Learning to Trust Your Emotions… Before Your Emotions Stop Trusting You

Photo by Joshua Hoehne on Unsplash

We all are born with a certain amount of intuition. The problem is that from a very young age, we are often told to ignore our feelings, to toughen up or that our feelings are just wrong. Much like force-feeding an infant can cause the child to start ignoring their natural hunger control mechanism, it’s the same with emotions. The more we have been taught to push down our feelings, the more likely we will not trust our emotions.

You Get a Feeling in Your Gut That Something Is Wrong

Everyone has a natural ability to know if something is not right in any given situation. Have you ever gone somewhere or met up with someone and felt like something was off? Or met a new person or an old friend and felt totally drained once you left? Or talked to someone and felt they are lying. While you may not want to react to these situations that aren’t cause for immediate danger, keep an open mind and keep your eyes open. Chances are, you’ll find out that you’re right more than you’re wrong. And in that case, you might want to make a different decision if a similar situation presents itself in front of you. In the end, why put yourself through something that isn’t really serving you just for the sake of being nice?

The Hairs on the Back of Your Neck Stand Up

Every human is born with a “flight or fight” effect. Sometimes the hairs on the back of your neck will stand up, or you get prickly and feel like running. Most of the time, you should pay attention to these feelings. You’ll often find that when you feel that way, a spider is nearby, or you are in serious danger. Do not ignore these nagging feelings, ever. Even if you’re wrong, it’s best to be safe.

You Feel a Tug to Help Someone

T.V. commercials use these emotions when they want you to send money to save the starving children in Africa or donate to save abused animals. The feelings you feel when watching those commercials are normal, and you should respect them. When you feel compelled to help people, don’t push it down. Freely offer help because denying your feelings about this will cause you to feel bad about yourself. But still, be aware, and don’t fall into some hidden traps.

You Feel Pulled to Do Something Different

You’re sitting in your cubicle bored to tears wanting desperately to do something different, but you are afraid to change. If you feel pulled in a new direction, take the time to give it some real thought instead of ignoring it immediately.

You Feel Confident in Your Abilities

When you are feeling confident, don’t push those feelings down. You have a right to feel good about what you are doing and to feel capable. When you feel good about yourself, it’s not misplaced pride or bragging. So often, people (especially women) are taught from a young age not to boast about their abilities. This puts young women at a disadvantage from their male counterparts when it comes to jobs and fair pay. Allow yourself to feel confident when it’s appropriate.

Make Your Environment Comfortable

Emotions need a safe environment to be felt fully. You’re your own best friend. Only you can create the right environment that is safe for you to feel your emotions. Make your home safe for yourself and safe for your entire family. Remember that your emotions will reflect your environment.

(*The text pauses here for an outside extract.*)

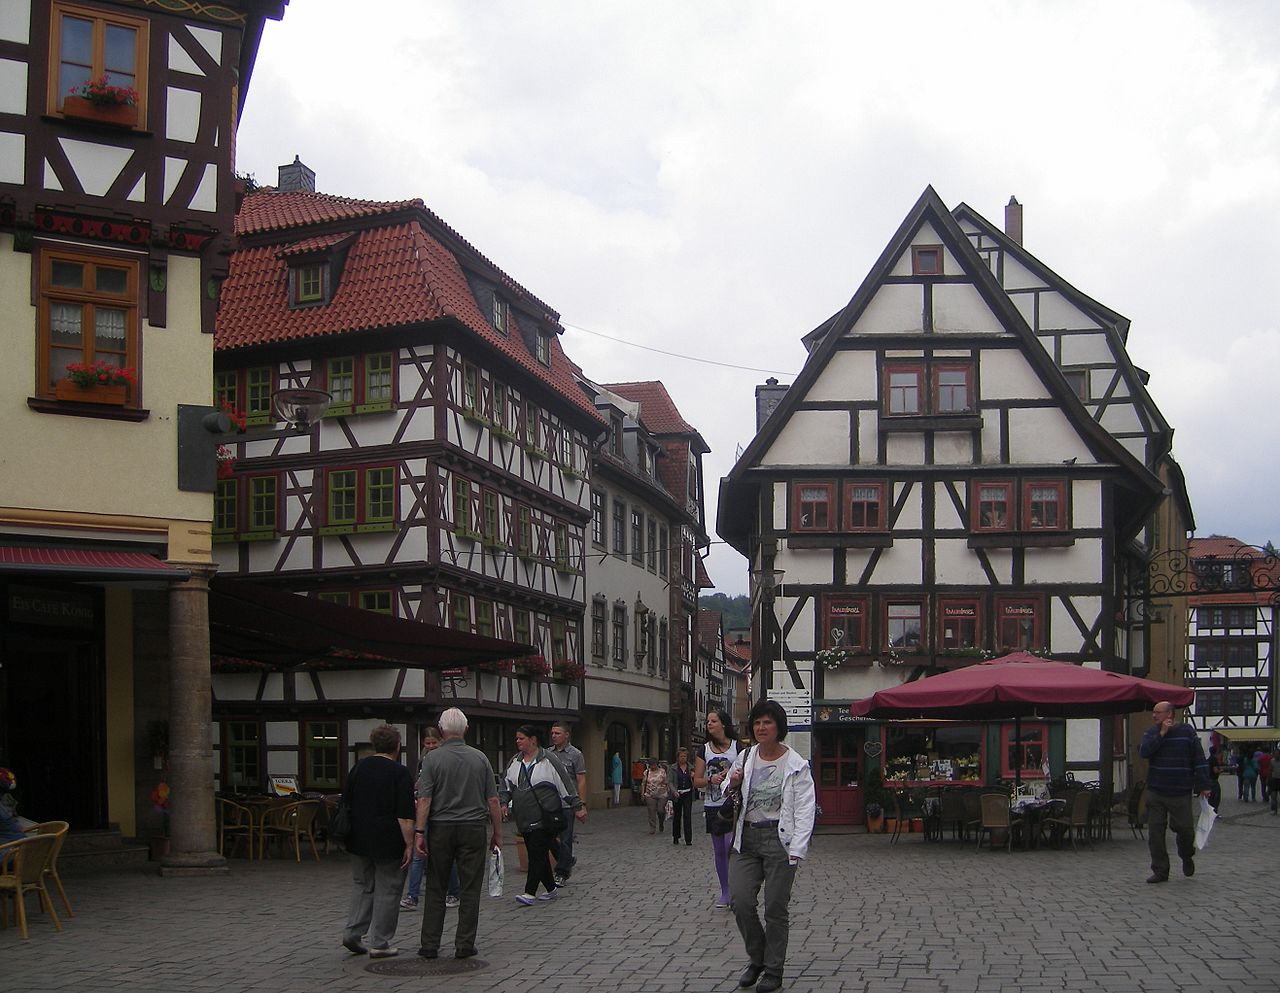 Altmarkt Schmalkalden.jpg
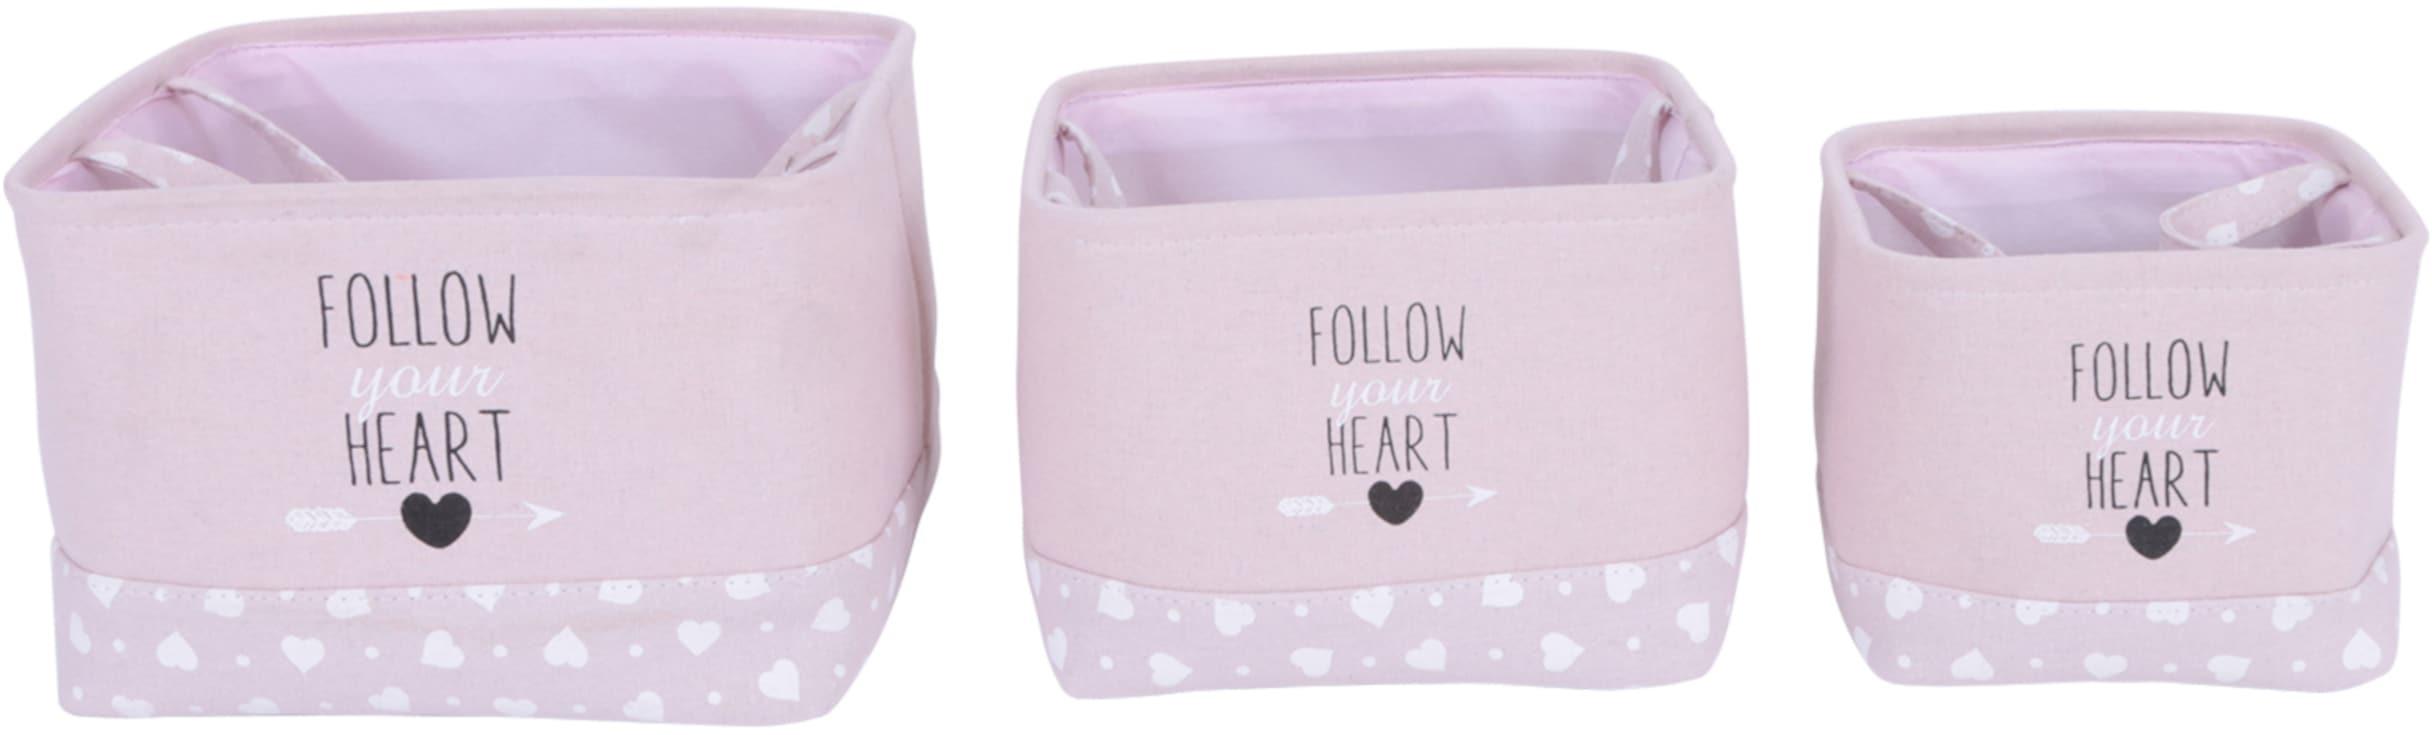 Franz Müller Flechtwaren Aufbewahrungsbox Follow your Heart, (Set, 3 St.), quadratisch rosa Kleideraufbewahrung Aufbewahrung Ordnung Wohnaccessoires

Acknowledge the Different Emotions You Experience

Don’t push away emotions that you have about drugs, alcohol, food, or anything that doesn’t reflect your values. Instead, allow yourself to experience a full range of emotions as appropriate. Of course, you might want to be aware of the amount of vulnerability you want to express when you are out in public, but you can express appropriate emotions in appropriate places as they come to you.

Try to Name the Emotions Others Are Having

To improve your capacity for empathy, practice naming and expressing the emotions that other people are having. People who can show great empathy to others, even if they haven’t gone through the situation themselves, have much happier lives than those who cannot relate to other human beings at all. You don’t have to be homeless yourself to understand how truly demoralizing the experience is.

Write Down Your Feelings

Keep a feelings journal for yourself to help you process different feelings you have and different feelings that you note that other people have about life situations. Your journal can help you healthily work through emotions and give you something to look back at when you are having trouble.

Test Your Judgment Skill and Go for It

If you are afraid to go with your gut due to having pushed down the skill from a young age, pick one thing to test. For example, if you feel like you want to say “No” to someone who is inviting you out, start to see how you feel after you made the decision. If you feel great, you would have made the right decision.

As you learn to trust your emotions by practicing actually feeling them, you’ll get better at discerning what’s right and wrong.